Übersetzung meint: Man überträgt eine Sprache in eine andere Zielsprache oder einen niedergeschriebenen Text von einer Sprache in eine weitere Sprache. Die „Translation“ der Sprache heißt Übersetzen. Man findet in der Bundesrepublik ausgebildete Personen, die das beruflich machen. Bei dem Übertragen der Sprache unterscheidet man zwischen dem Sprachmittler und dem Übersetzer. Der Dolmetscher übersetzt gesprochene Texte in eine Zielsprache. Der „Der Übersetzter“ übersetzt hingegen schriftliche Texte in eine andere Sprache. Der Dolmetscher übersetzt direkt. Der Übersetzer fertigt einen Text an und muss nicht direkt übersetzen. Der Unterschied ist in erster Linie, dass der geschriebene Text des Sprachmittlers abermals korrigiert werden kann – sog. „Wiederholte Berichtigung“. Diese Gegebenheit hat der Dolmetscher nicht. Dem Sprachmittler wird der Text nur einmal vorgesprochen und er muss direkt übersetzen. Ein Dolmetscher ist auf nonverbale Faktoren wie zum Beispiel Gesten, Mienenspiel, Benehmen, Intonation und allgemeine Körpersprache angewiesen. Ausschlaggebend ist auch Redetempo und Ausdrucksweise. Einige Sprachmittler üben auch die Körpersprache aus. Sprachmittler werden oftmals bei Amtsgerichten, bei Notaren und Behörden eingesetzt. Z.Bsp. falls ein Sachverständiger oder ein Beklagter die Sprache nicht kann, allerdings eine Aussage machen muss. Die Gerichtshäuser haben oft keinen angestellten Sprachmittler. Deshalb wird ein frei beruflicher Sprachmittler betraut. Die Dolmetscher, die am Gericht eingesetzt werden, müssen vorab beeidigt werden, weil sie vertrauliche Dinge hören, welche eigentlich nicht für die Öffentlichkeit vorgesehen sind. In der EU gibt es angestellte Sprachmittler. Bewerber müssen vorab einen Auswahltest vollziehen. Es gibt unterschiedliche Sorten von Übertragungen. Man differenziert beispielsweise Übersetzung von kulturellen Aspekten, Literarische Übersetzung, Synchronisation von Kino- und Fernsehfilmen und Untertitelung, Übersetzung technischer Dokumentationen, Übersetzung von Sprache mit Hilfe von Computerprogrammen und Übersetzung von Texten aus der Quellsprache. Des Weiteren kann man bei dem Dolmetschen unterschiedliche Rubriken entdecken: Dolmetschen bei Konferenzen, Konsekutivdolmetschen, Körpersprachedolmetschen, Vom-Blatt-Übersetzen und Simultandolmetschen.
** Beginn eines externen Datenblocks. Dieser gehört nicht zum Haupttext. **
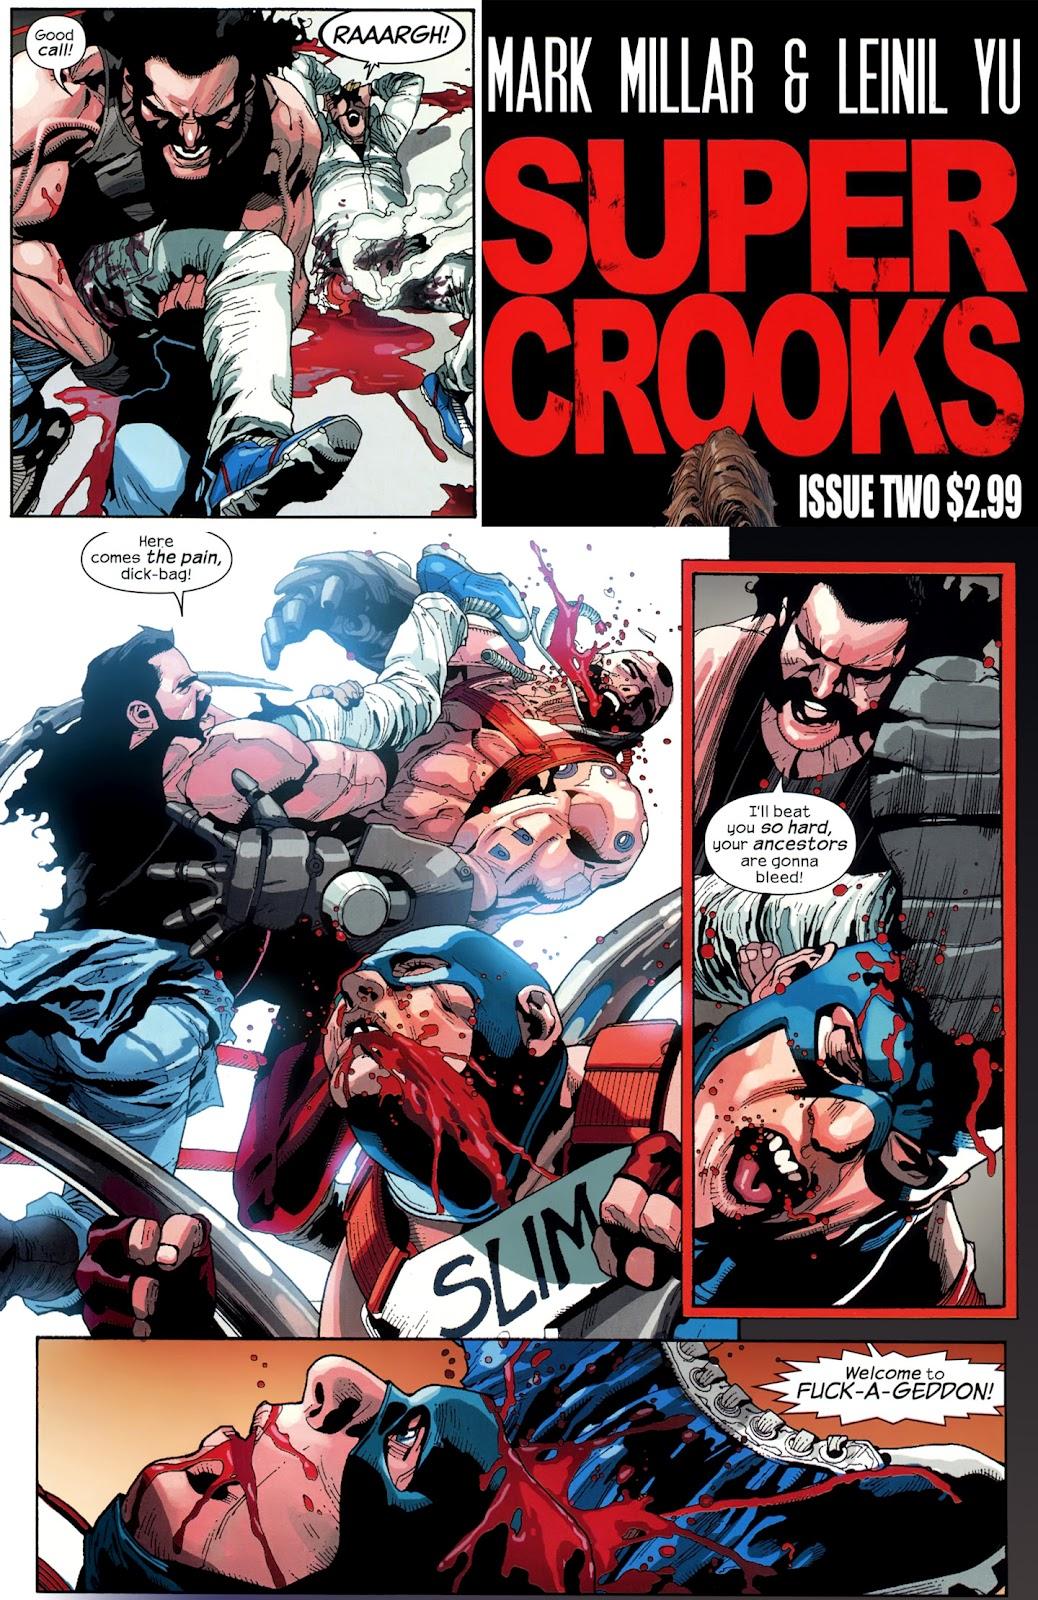 Supercrooks Pics, Comics Collection

Translationen gibt es bereits seit vielen Jahrhunderten. Da auf der Welt zahlreiche Sprachen zu entdecken sind, gibt es auch zahlreiche Sprachmittler, welche eine Sprache als Fachgebiet gewählt haben. Oder sie haben eine Art des Übersetzen als Fachbereich gewählt. Man unterscheidet auch den Sprachmittler. Dieser Übersetzer unterstützt Menschen mit unterschiedlichen Kulturen. Meist Randgruppen und Immigranten. In Deutschland gibt es Studienfächer für den Job des Sprachmittlers. Das Studium darf an einer Universität oder einer Akademie gemacht werden. Fachübersetzer konzentrieren sich auf einen Bereich in einer bestimmten Sprache, z.B.: Finanzen, Handelsrecht, Medizinrecht oder Pharmazeutik, Technologie, Jura. Diese Fachübersetzungen sind sehr gebräuchlich. Es ist schwer festzustellen, wieviele Sprachmittler es in der Bundesrepublik gibt. Der Bereich ist unstetig, weil es Lehrberufe gibt, allerdings viele Menschen auch auf anderem Weg mit dem Beruf beginnen. Das Wort Übersetzer ist gesetzlich nicht geschützt, somit ist die Ausübung des Berufs auch ohne Abschlussprüfung möglich. Es gibt aber bestimmte Namenszusätze, die nur nach Berufung ,durch Test oder Hochschulausbildung benutzt werden dürfen. Hierzu zählen unter anderem: öffentlich bestellter Dolmetscher, ermächtigter Übersetzer, staatlich geprüfter Übersetzer, Diplom-Übersetzer, Master Übersetzungswissenschaft, Diplom- Dolmetscher usw.. Die allermeisten Dolmetscher sind freiberuflich tätig. Diese erhalten ihre Aufträge direkt von einer Behörde. Das Honorar geschieht häufig nach übersetzter Textmenge. Es wird in Worten oder Zeilen gemessen. Oder nach Aufwand. Bei dem Honorar spielen dann weitere Faktoren wie zum Beispiel: Komplexität der Ausdrucksform oder des Textes, Umfang, Häufigkeit und Textwiederholungen eine entscheidene Rolle.